* [HOW TO COMPLETE THIS TASK]
Which lines run from the one containing "Dil Diyan Gallan" to the end of the records? Write them out exactly, both ends included, and nothing else.

= = =

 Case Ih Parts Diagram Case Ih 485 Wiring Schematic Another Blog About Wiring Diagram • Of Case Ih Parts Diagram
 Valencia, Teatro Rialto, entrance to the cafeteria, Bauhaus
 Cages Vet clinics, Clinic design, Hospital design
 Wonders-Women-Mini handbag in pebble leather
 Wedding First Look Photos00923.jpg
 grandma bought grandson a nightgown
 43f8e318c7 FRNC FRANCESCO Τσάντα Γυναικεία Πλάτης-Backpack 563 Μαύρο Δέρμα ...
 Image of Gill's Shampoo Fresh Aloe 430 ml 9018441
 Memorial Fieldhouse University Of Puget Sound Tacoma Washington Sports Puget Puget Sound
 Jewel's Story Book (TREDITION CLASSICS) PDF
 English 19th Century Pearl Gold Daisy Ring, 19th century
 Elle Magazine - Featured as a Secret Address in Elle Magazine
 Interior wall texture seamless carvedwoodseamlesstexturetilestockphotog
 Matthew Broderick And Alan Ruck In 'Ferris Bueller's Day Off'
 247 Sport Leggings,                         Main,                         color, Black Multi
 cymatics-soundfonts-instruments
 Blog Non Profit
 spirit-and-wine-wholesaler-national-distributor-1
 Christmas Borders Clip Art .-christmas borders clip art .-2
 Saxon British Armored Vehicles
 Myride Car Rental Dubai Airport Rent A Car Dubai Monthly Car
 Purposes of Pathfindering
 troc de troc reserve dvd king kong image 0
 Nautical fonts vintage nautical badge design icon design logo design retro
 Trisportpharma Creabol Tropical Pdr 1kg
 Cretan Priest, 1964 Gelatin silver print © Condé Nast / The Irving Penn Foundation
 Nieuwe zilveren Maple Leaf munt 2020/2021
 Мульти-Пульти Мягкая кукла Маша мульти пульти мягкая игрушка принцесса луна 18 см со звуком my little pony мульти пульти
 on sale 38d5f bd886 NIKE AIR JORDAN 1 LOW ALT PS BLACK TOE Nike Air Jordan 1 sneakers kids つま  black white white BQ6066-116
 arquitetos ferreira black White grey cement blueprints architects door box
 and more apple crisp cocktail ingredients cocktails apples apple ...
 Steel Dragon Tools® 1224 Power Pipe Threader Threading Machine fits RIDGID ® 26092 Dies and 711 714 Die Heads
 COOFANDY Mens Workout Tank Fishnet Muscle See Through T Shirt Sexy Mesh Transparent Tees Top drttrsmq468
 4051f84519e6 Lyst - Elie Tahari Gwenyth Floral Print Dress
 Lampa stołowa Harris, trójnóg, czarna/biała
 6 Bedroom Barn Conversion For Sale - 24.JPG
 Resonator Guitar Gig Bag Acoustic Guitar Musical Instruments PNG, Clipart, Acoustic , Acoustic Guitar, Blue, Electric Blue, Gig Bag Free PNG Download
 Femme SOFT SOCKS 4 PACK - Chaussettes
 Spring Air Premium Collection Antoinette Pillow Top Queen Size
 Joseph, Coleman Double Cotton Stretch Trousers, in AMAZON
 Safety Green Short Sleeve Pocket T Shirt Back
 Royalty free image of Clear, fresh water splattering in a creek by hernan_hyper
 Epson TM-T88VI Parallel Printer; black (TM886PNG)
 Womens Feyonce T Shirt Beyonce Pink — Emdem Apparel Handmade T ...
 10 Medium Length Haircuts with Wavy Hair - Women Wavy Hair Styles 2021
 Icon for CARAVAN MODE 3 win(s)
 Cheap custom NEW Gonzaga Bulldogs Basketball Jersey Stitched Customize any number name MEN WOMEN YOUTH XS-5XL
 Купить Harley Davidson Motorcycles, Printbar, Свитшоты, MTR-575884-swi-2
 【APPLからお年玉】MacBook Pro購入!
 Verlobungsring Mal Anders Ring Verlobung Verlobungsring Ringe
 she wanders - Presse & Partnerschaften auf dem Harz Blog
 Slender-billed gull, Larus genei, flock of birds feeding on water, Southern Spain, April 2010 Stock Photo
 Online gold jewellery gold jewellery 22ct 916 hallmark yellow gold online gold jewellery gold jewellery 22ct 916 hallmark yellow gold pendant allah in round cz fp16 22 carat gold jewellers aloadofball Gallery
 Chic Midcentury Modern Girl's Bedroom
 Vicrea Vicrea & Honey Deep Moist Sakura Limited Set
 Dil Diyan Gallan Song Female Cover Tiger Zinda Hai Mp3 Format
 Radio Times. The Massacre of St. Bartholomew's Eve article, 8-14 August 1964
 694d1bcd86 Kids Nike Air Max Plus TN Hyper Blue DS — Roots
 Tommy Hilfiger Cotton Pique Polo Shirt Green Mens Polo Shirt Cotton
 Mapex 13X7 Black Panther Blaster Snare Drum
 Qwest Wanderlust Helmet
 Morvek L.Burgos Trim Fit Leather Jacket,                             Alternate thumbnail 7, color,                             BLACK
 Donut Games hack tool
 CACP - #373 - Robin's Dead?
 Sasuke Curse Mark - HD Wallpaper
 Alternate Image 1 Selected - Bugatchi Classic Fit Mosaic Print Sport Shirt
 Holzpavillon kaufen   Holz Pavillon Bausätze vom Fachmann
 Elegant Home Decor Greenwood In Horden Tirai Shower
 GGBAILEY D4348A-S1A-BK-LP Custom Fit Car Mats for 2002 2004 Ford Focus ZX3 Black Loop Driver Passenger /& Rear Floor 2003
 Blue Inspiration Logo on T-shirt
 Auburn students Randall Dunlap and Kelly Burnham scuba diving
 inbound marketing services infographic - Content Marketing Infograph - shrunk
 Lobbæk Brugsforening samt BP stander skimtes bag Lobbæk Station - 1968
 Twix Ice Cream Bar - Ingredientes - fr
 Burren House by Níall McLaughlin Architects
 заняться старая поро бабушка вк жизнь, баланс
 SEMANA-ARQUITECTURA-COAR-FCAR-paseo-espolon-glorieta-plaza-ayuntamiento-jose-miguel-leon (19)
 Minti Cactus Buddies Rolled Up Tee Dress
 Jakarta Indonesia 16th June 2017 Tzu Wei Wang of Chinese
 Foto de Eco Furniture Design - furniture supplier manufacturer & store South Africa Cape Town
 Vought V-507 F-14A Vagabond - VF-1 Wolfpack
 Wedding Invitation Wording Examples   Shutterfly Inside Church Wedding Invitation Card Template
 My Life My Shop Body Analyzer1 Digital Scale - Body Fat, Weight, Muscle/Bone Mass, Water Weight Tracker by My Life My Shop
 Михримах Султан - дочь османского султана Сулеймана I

= = =

* [REPLY]
 Dil Diyan Gallan Song Female Cover Tiger Zinda Hai Mp3 Format
 Radio Times. The Massacre of St. Bartholomew's Eve article, 8-14 August 1964
 694d1bcd86 Kids Nike Air Max Plus TN Hyper Blue DS — Roots
 Tommy Hilfiger Cotton Pique Polo Shirt Green Mens Polo Shirt Cotton
 Mapex 13X7 Black Panther Blaster Snare Drum
 Qwest Wanderlust Helmet
 Morvek L.Burgos Trim Fit Leather Jacket,                             Alternate thumbnail 7, color,                             BLACK
 Donut Games hack tool
 CACP - #373 - Robin's Dead?
 Sasuke Curse Mark - HD Wallpaper
 Alternate Image 1 Selected - Bugatchi Classic Fit Mosaic Print Sport Shirt
 Holzpavillon kaufen   Holz Pavillon Bausätze vom Fachmann
 Elegant Home Decor Greenwood In Horden Tirai Shower
 GGBAILEY D4348A-S1A-BK-LP Custom Fit Car Mats for 2002 2004 Ford Focus ZX3 Black Loop Driver Passenger /& Rear Floor 2003
 Blue Inspiration Logo on T-shirt
 Auburn students Randall Dunlap and Kelly Burnham scuba diving
 inbound marketing services infographic - Content Marketing Infograph - shrunk
 Lobbæk Brugsforening samt BP stander skimtes bag Lobbæk Station - 1968
 Twix Ice Cream Bar - Ingredientes - fr
 Burren House by Níall McLaughlin Architects
 заняться старая поро бабушка вк жизнь, баланс
 SEMANA-ARQUITECTURA-COAR-FCAR-paseo-espolon-glorieta-plaza-ayuntamiento-jose-miguel-leon (19)
 Minti Cactus Buddies Rolled Up Tee Dress
 Jakarta Indonesia 16th June 2017 Tzu Wei Wang of Chinese
 Foto de Eco Furniture Design - furniture supplier manufacturer & store South Africa Cape Town
 Vought V-507 F-14A Vagabond - VF-1 Wolfpack
 Wedding Invitation Wording Examples   Shutterfly Inside Church Wedding Invitation Card Template
 My Life My Shop Body Analyzer1 Digital Scale - Body Fat, Weight, Muscle/Bone Mass, Water Weight Tracker by My Life My Shop
 Михримах Султан - дочь османского султана Сулеймана I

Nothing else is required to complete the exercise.